Time called on Bar arguments

六月 14, 1996

As the Bar Council proposes reforms in barristers' training, two legal eagles respond to Nigel Savage's criticisms of the Lord Chancellor's committee. As an official of one of the two authorised bodies to whom the Lord Chancellor's Advisory Committee's First Report on Legal Education is addressed, it is incumbent upon me to consider its recommendations and the comments upon it by those like Nigel Savage (THES, May 17) who are influential in the provision of education and training and will therefore be directly affected by any changes.

Dr Savage is correct when he states that "the much criticised prescriptive attitude (of the professional bodies) does not stand the test of close scrutiny". Having been a party to the negotiations which resulted in the present Joint Announcement on Qualifying Law Degrees, I can testify that any pressure to increase the amount of prescribed material - ie "the core" - came more from the Society of Public Teachers of Law than the professional bodies. In respect of the report, one cannot help but notice that, while on the one hand criticising prescription, the Lord Chancellors' committee begins itself to fall into the trap of appearing to increase the "core" by, for example, suggesting the inclusion of civil law! However, it is time to end the arguments about the core and to undertake a radical reappraisal of the notion of the qualifying law degree. There are more than 250 full-time qualifying law degrees, part-time degrees and 14 senior status degrees offered in more than 70 higher education institutions. In addition there are 29 full-time and 23 part-time and distance learning graduate conversion courses. Output from all of these is well over 12,000 students per year. On the other hand, there are around 1,000 places on the Bar Vocational Course. On completion, the successful students will be chasing 700 pupillages and then competing for the 500 tenancies which arise each year. It is important to note that the Bar is growing - from 2,000 in 1955 to approximately 8,500 in 1995 - and it must be questionable whether growth on this scale can continue. However, assuming that the Bar requirements are for 500 new practitioners each year, does it require all these law courses? The question must therefore be asked whether the Bar should dictate the content of so many courses when its needs are so small? Further, is it right for resources provided by subscribers to the Bar Council to be used to police all these courses?

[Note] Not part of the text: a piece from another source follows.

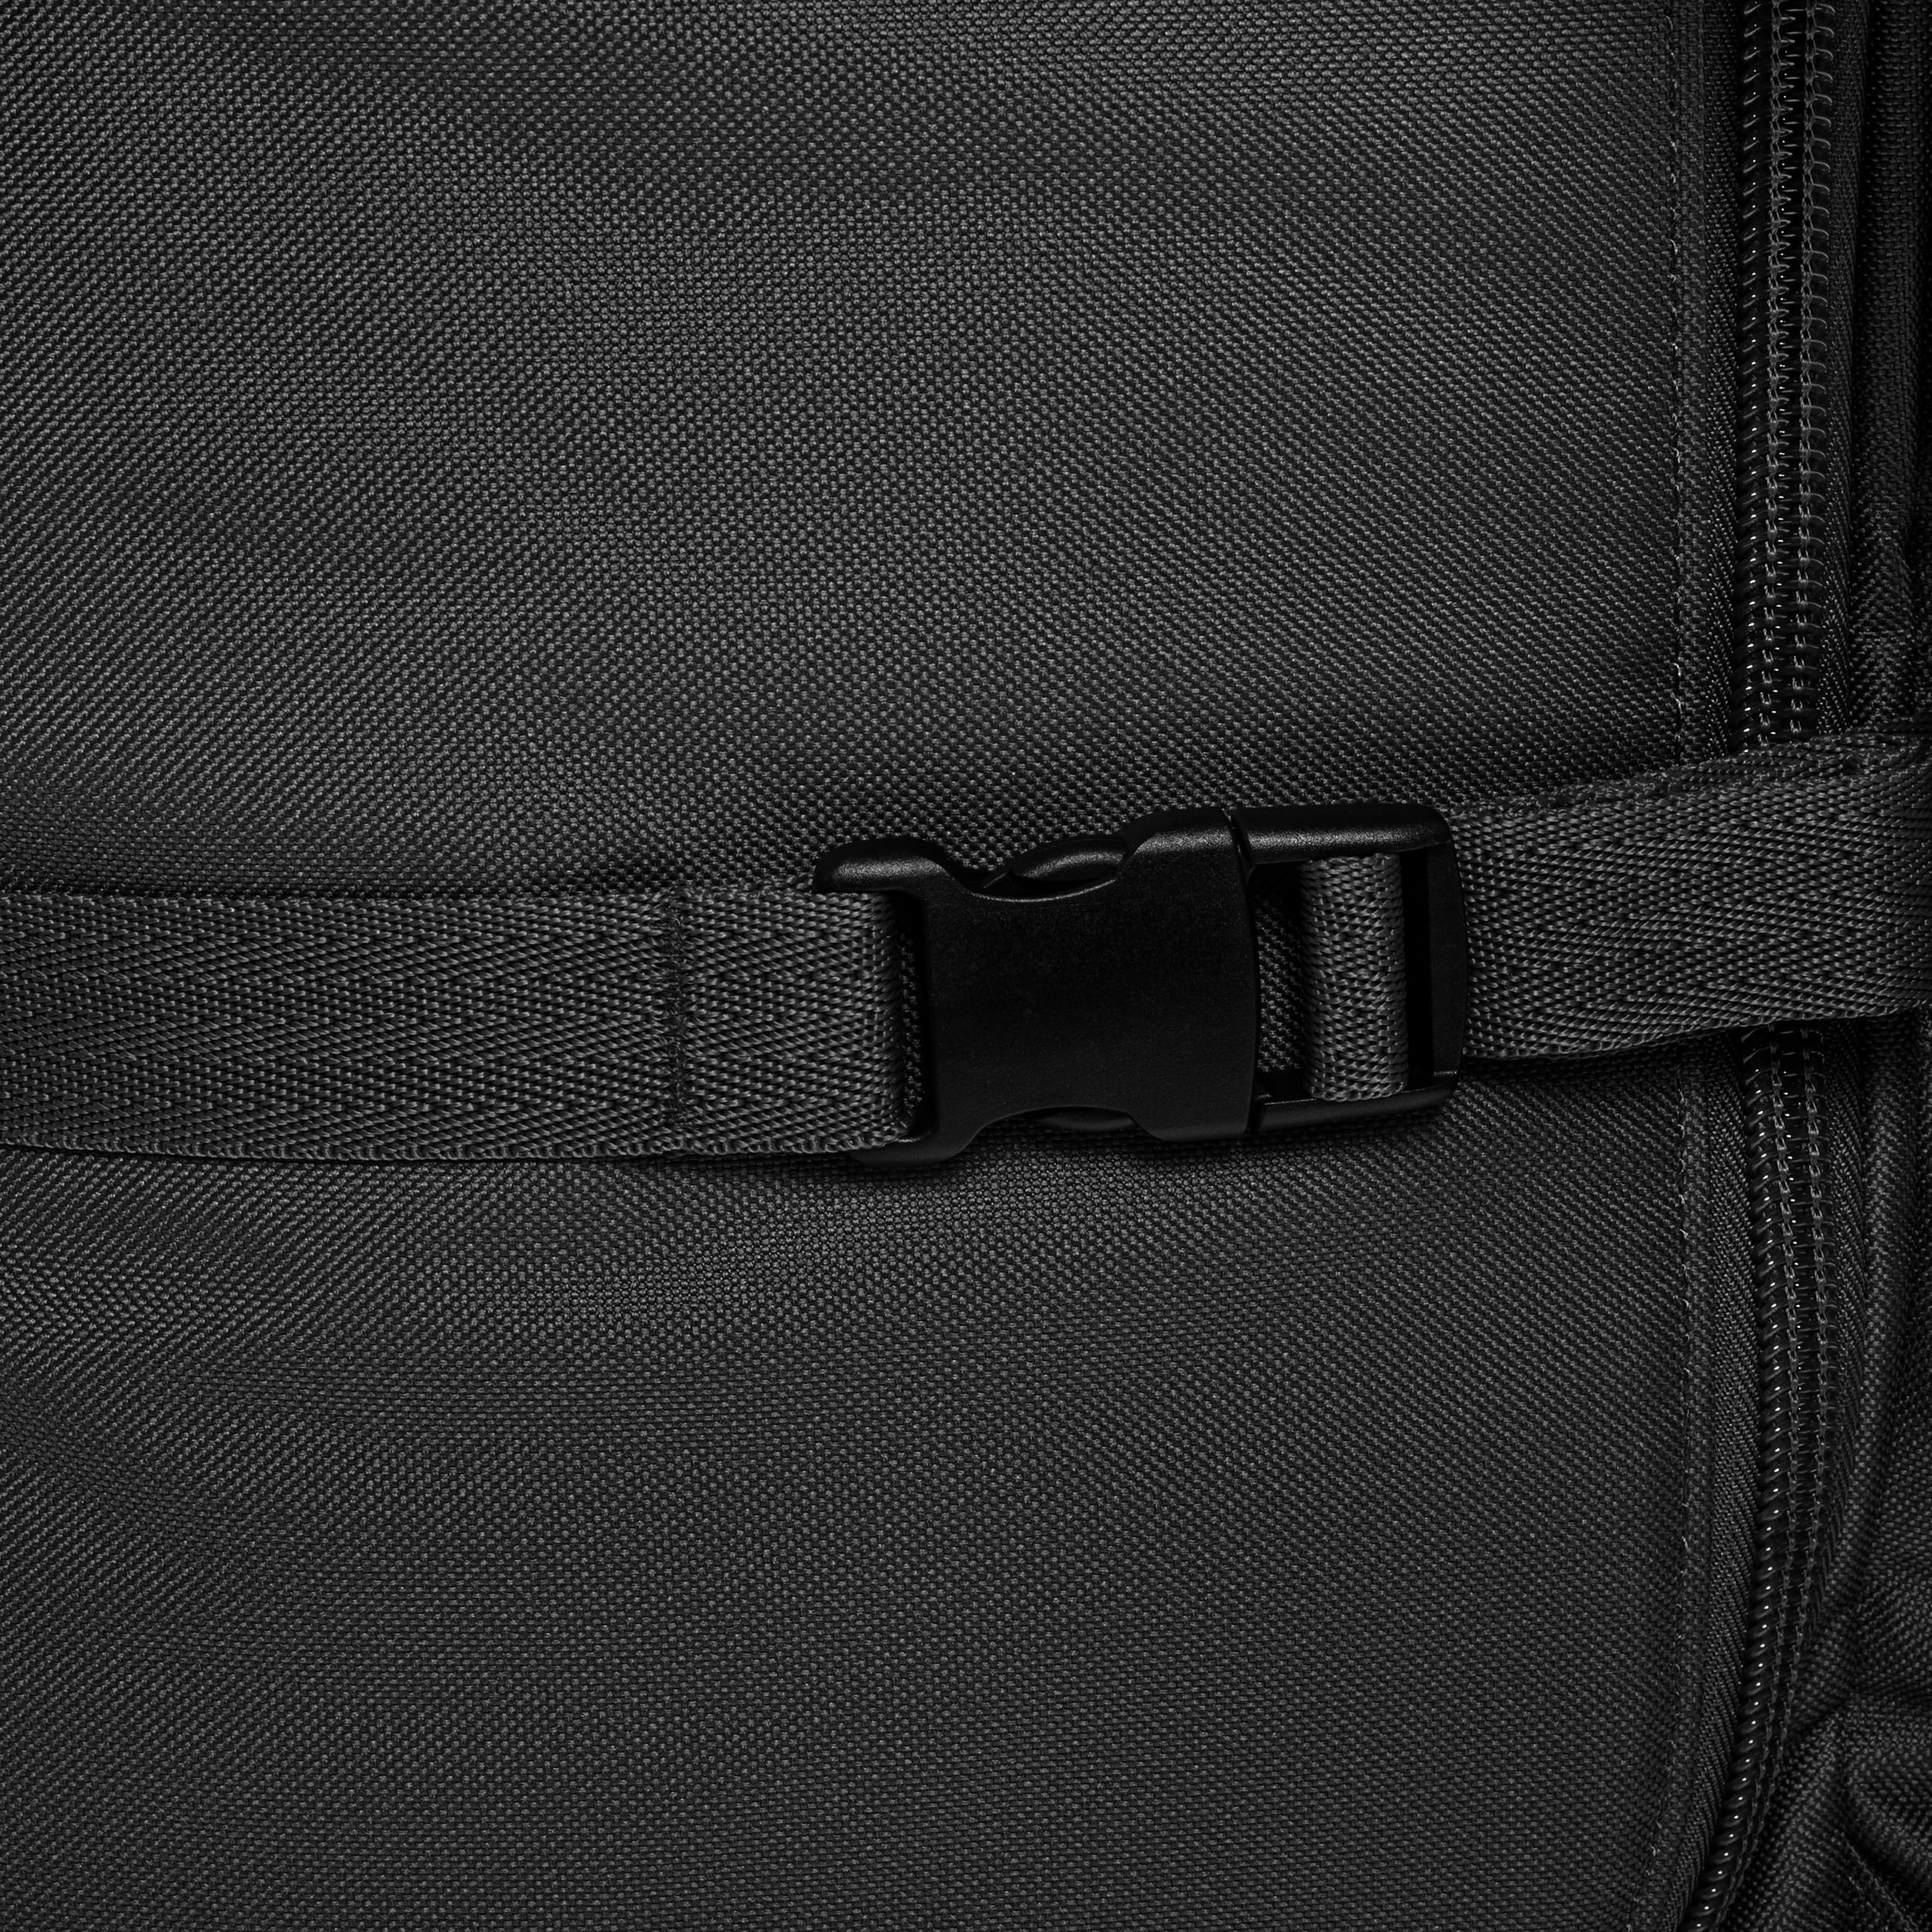 Сумка Mil-Tec Combat Duffle Bag Tap 98 - Чорний

The argument and debate upon modularisation and semesterisation to which Dr Savage refers is likely to rage for some time yet. Thankfully, it is not a matter of direct concern to the professional bodies. The law faculties are made up of people who hold themselves out as the professional teachers. It is necessary for them to adapt to change which is forced upon them. If Dr Savage is suggesting that the professional bodies should allow themselves to become involved in the internal debates of autonomous institutions on the delivery of educational provision, it is a suggestion that is unlikely to attract support even within law faculties.

A key feature in the report is common training. The Bar Council's policy was laid down in 1994 when it accepted the principle that there should be "an element of common vocational training for prospective barristers and solicitors if and to the extent that this is compatible with vocational training for an independent Bar". We believe that this is likely to be best achieved by building on the experience gained by institutions which will be running the two vocational courses alongside one another. In this respect, one agrees with Dr Savage. However, his suggestion that common training will happen "without the professions noticing" is unlikely. Certainly the Bar will be vigilant to ensure that any common training develops for sound educational reasons determined in the context of the training needs of the Bar. Any attempt by a validated institution to slip it in as a money saving issue will quickly place that institution's approval to offer a BVC in jeopardy.

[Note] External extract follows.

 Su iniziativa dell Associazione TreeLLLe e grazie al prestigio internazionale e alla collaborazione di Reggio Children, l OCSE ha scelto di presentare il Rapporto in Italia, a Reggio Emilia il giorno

ACLEC's own proposal is for common education through a new truncated course leading to a qualification in common professional legal studies. The contributions to the debate on whether such a proposal is realistic will be long and protracted. Resources would be needed to support the research necessary to determine content and to run the proposed board to be set up to superintend the courses when offered. It is questionable whether the Bar Council will see funding the development of such a course as having a high priority for its limited resources.

The Bar Council has yet to reach any conclusions on the report. Therefore the views expressed here are entirely my own and should be seen as provoking debate.

Nigel Bastin

Head of education and training of the general council of the Bar.